Wednesday, April 04, 2007

Lots of sub-prime money

I am usually at the kitchen table with my first cup of coffee and the newspaper by six-thirty. The first section of the paper I go to is the business section. Being self-employed and in sales, the state of the economy is important.

Two headlines caught my attention in Monday’s business section. The “Mandatory time off” bill, proposed by the Democrats who now control things in Congress, provides paid sick leave for 57 million employees who don’t already have this employee benefit. I wonder who is going to pay for that? I bet self-employed real estate agents aren’t included in that category of “covered workers.”

The next big headline was “Slower outlook for state.” That’s an attention getter but the first sentence of the article appeared out of context……..”The housing downturn has done little so far to slow the California economy.” Naturally, the article went on to say that the most recent economic forecast project slower growth in the future. In case you have been missing out, the national economy and the California economy have been really doing well the past few years with record new employment, low unemployment, record corporation profits, lots of consumer spending and low interest rates.

The slower economic forecast is attributed to a slower hosing market, which will be caused by “The drying up of subprime credit suggesting that home sales in California will be stagnant for some time to come.” Now, I really need to check into my unemployment benefits and perhaps it’s time to support that mandatory time-off legislation if it will include 2,000,000 real estate agents. The abbreviated version of the article was the lack of sub-prime lending in the future, not the fall-out from its past indecressions is finally going to slow the California real estate market.

By seven o’clock I am in my office checking my daily fax broadcast from lenders. Their daily barrage of flyers and advertised offerings as to their interest rates and loan programs ties up my fax machine each morning. Lenders must not be reading the newspaper’s economic forecast. They must not be aware of the looming shortage of sub-prime loans that will result in a slower economy. There is lots of sub-prime money! Here are some examples of what major purveyors of money are offering today: “100 PERCENT LOANS” “NO CREDIT LOANS” “JUMBO LOANS WITH LITTLE FICO SCORES AVALIABLE” “NO DOC LOANS” “EASY QUAL” “BKs OK”.

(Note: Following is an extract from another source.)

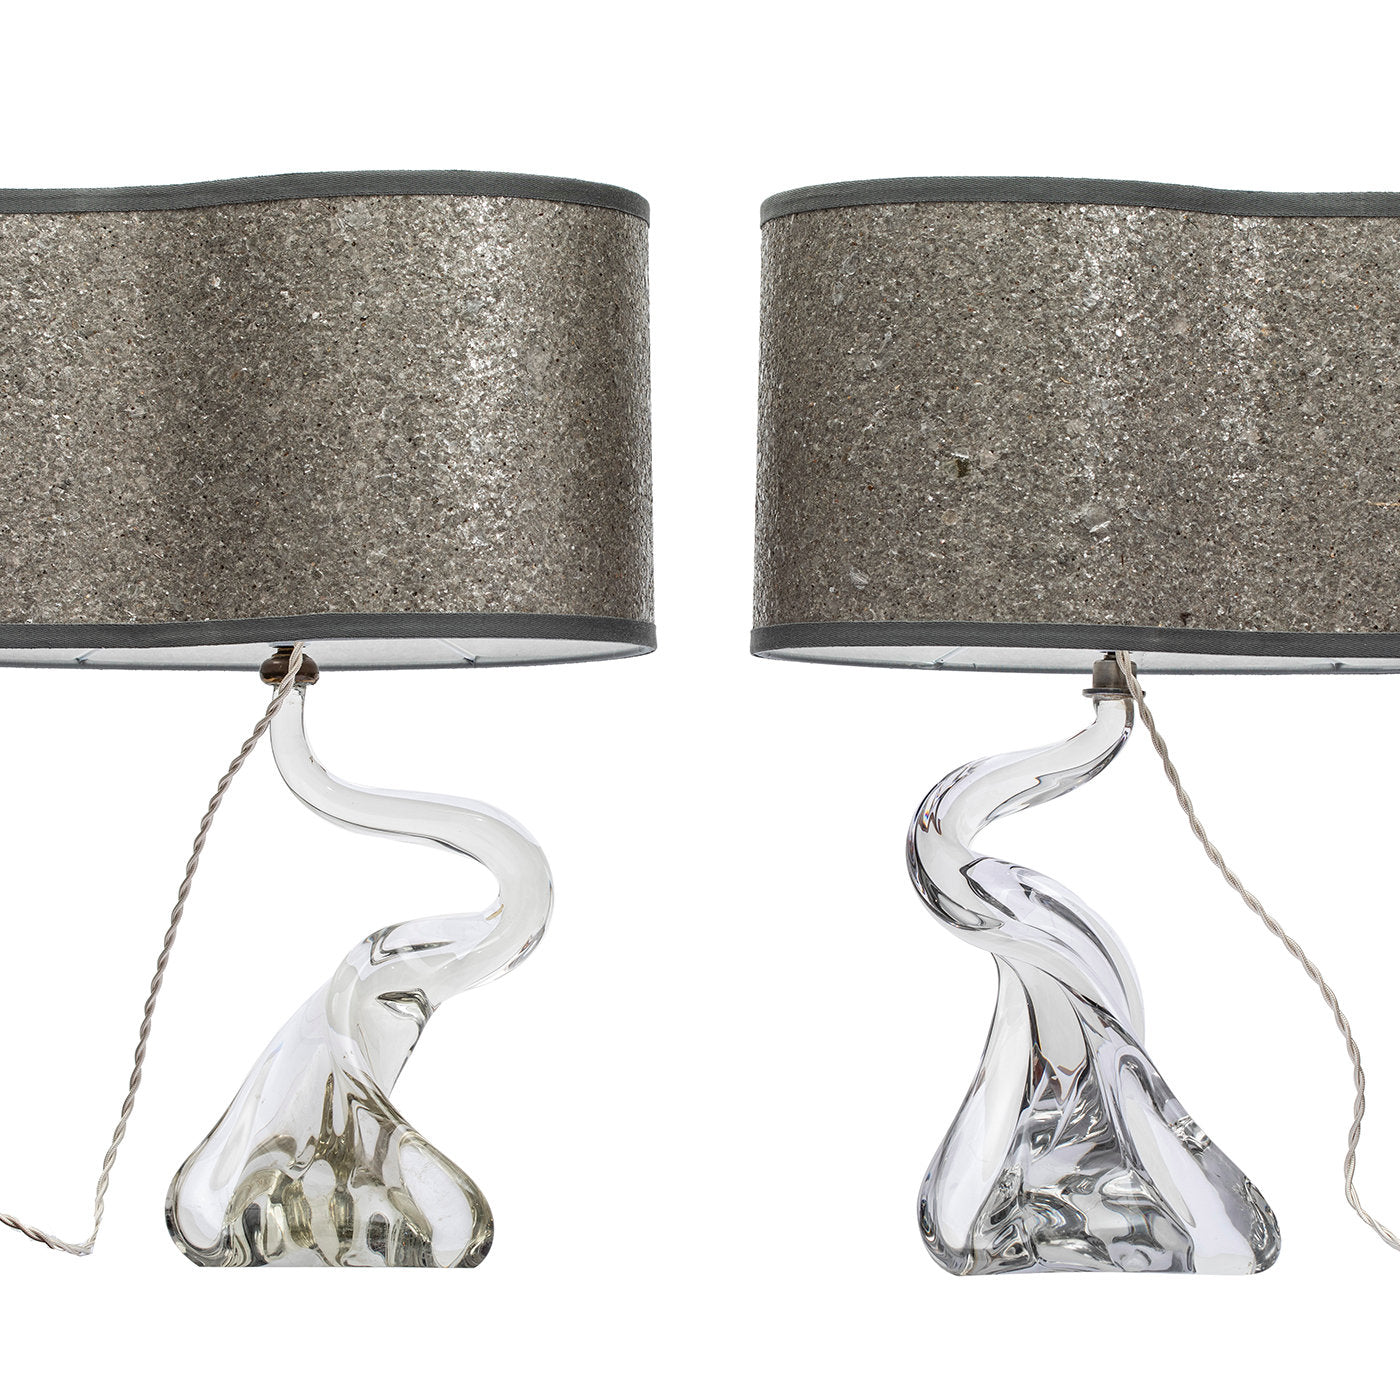 Set of 2 Crystal Table Lamps - Alternative view 1

The housing market is still going through an adjustment. It appears to be quietly settling. It didn’t crash and won’t. Lenders will continues to make loans. That’s what they do. Sub-prime will continue. Loan programs will be adjusted, there will be more disclosure forms for borrowers to sign but borrowers who are serious about buying a home will continue to have many options to choose from.

Economic growth isn’t consistent. Some years are better than others. Recessions appear every ten years or so. It doesn’t take a PHD in Economics to predict slower growth in light of past cycles. This is a normal pattern of economic behavior. It isn’t the result of sub-prime lenders. They are still looking for reasons to make loans.